Your assignment: Wherever a picture appears in the listing, leave it out, and copy the rest exactly.

Supplied material:
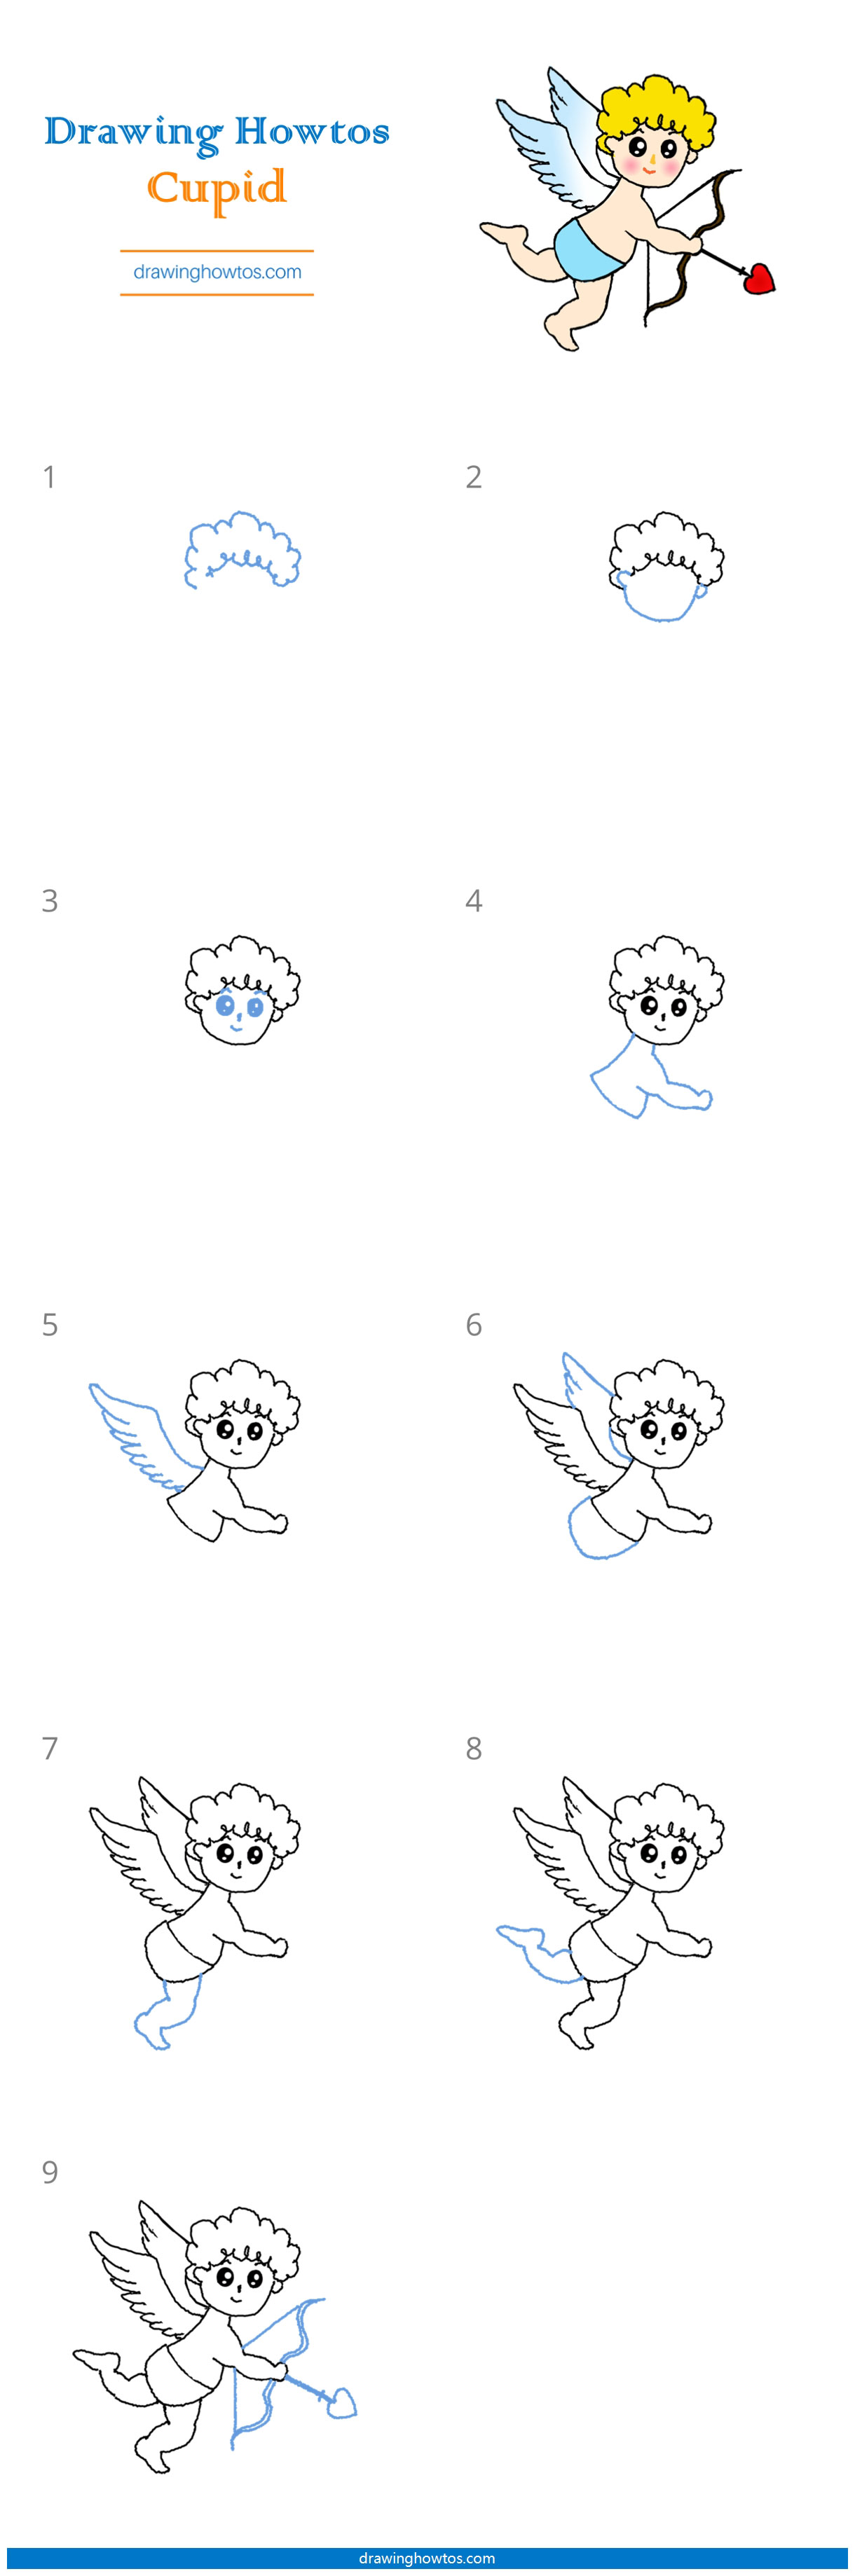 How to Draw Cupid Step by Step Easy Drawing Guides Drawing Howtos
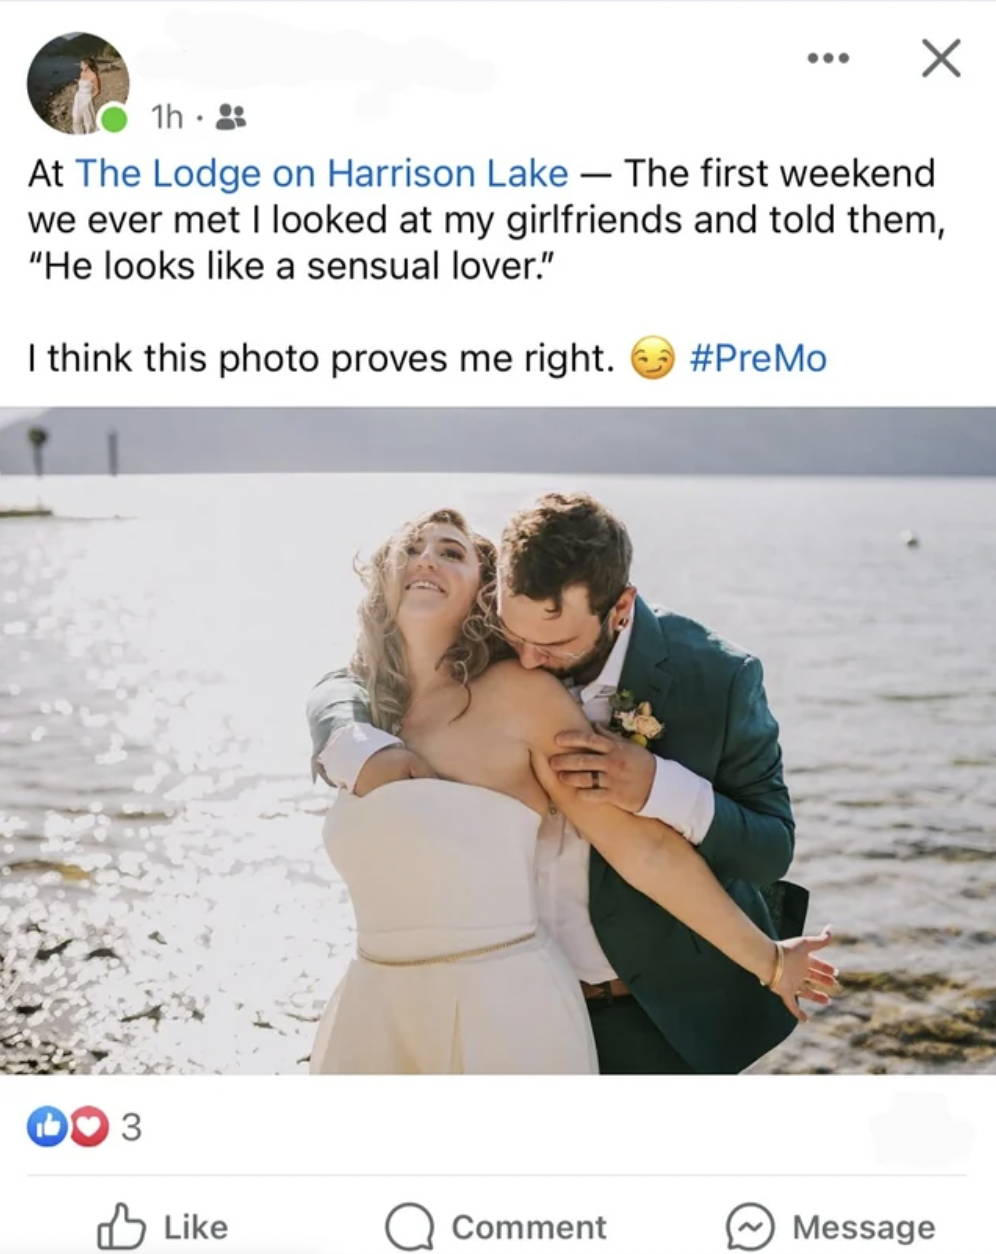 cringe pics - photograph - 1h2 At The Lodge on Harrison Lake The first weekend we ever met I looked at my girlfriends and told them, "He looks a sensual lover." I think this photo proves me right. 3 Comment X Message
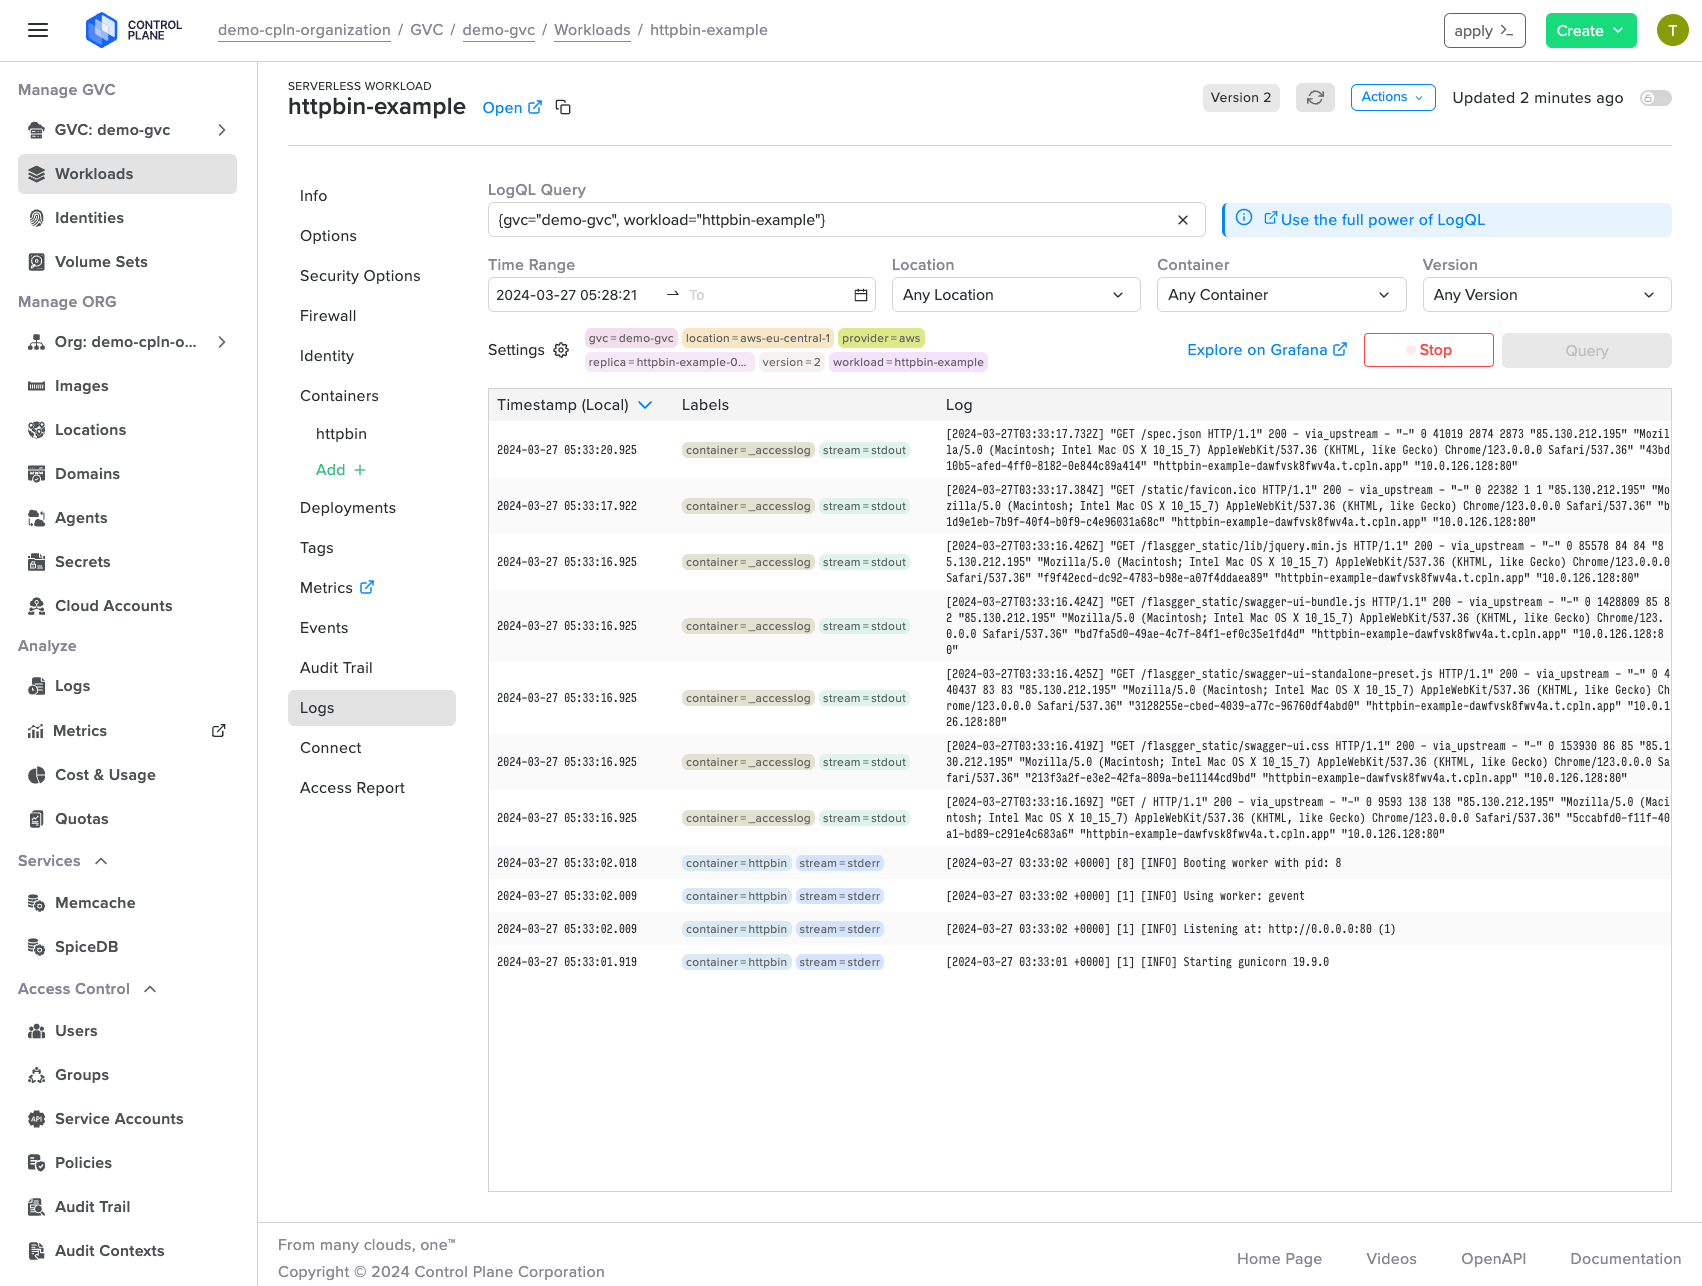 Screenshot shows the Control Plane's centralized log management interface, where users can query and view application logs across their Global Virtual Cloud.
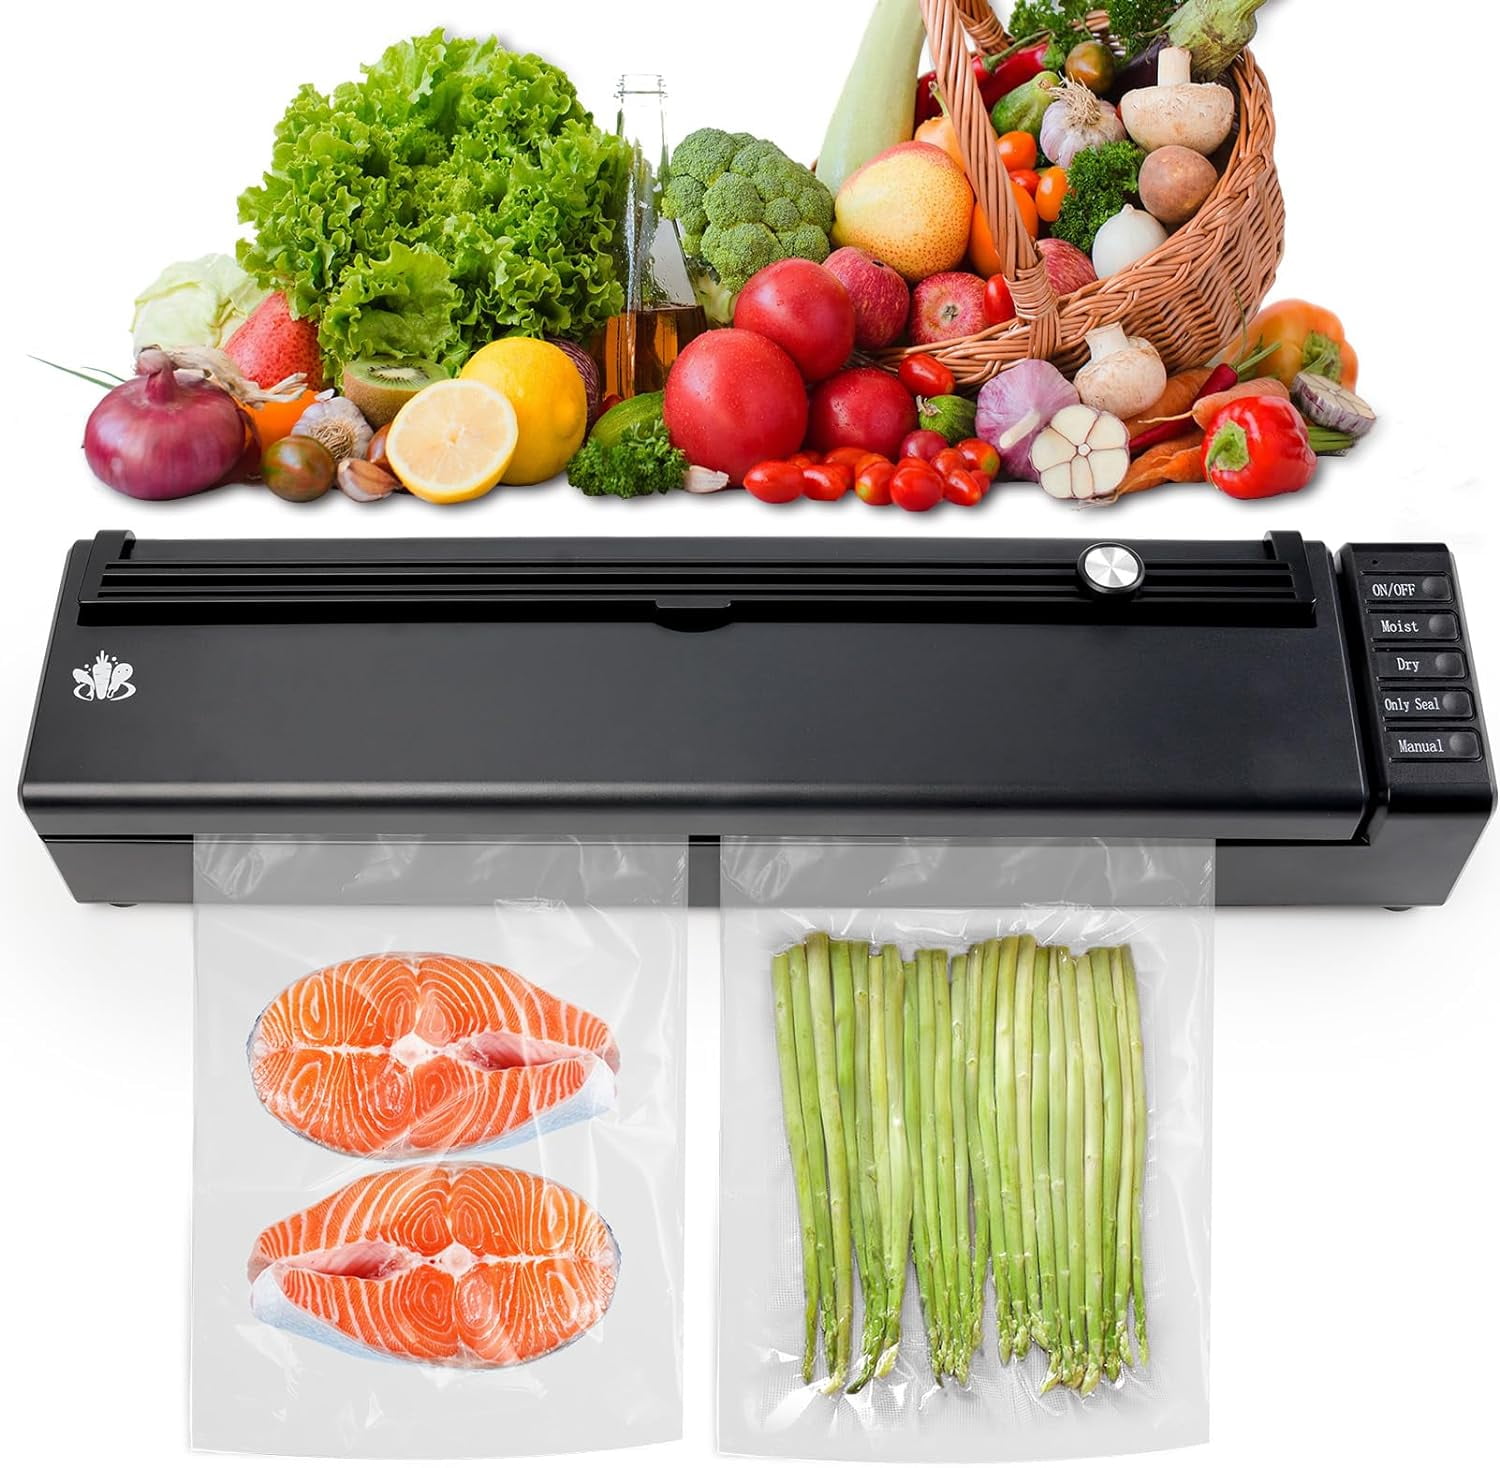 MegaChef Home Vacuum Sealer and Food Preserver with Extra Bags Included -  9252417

Solution below:
 How to Draw Cupid Step by Step Easy Drawing Guides Drawing Howtos
 cringe pics - photograph - 1h2 At The Lodge on Harrison Lake The first weekend we ever met I looked at my girlfriends and told them, "He looks a sensual lover." I think this photo proves me right. 3 Comment X Message
 Screenshot shows the Control Plane's centralized log management interface, where users can query and view application logs across their Global Virtual Cloud.
 MegaChef Home Vacuum Sealer and Food Preserver with Extra Bags Included -  9252417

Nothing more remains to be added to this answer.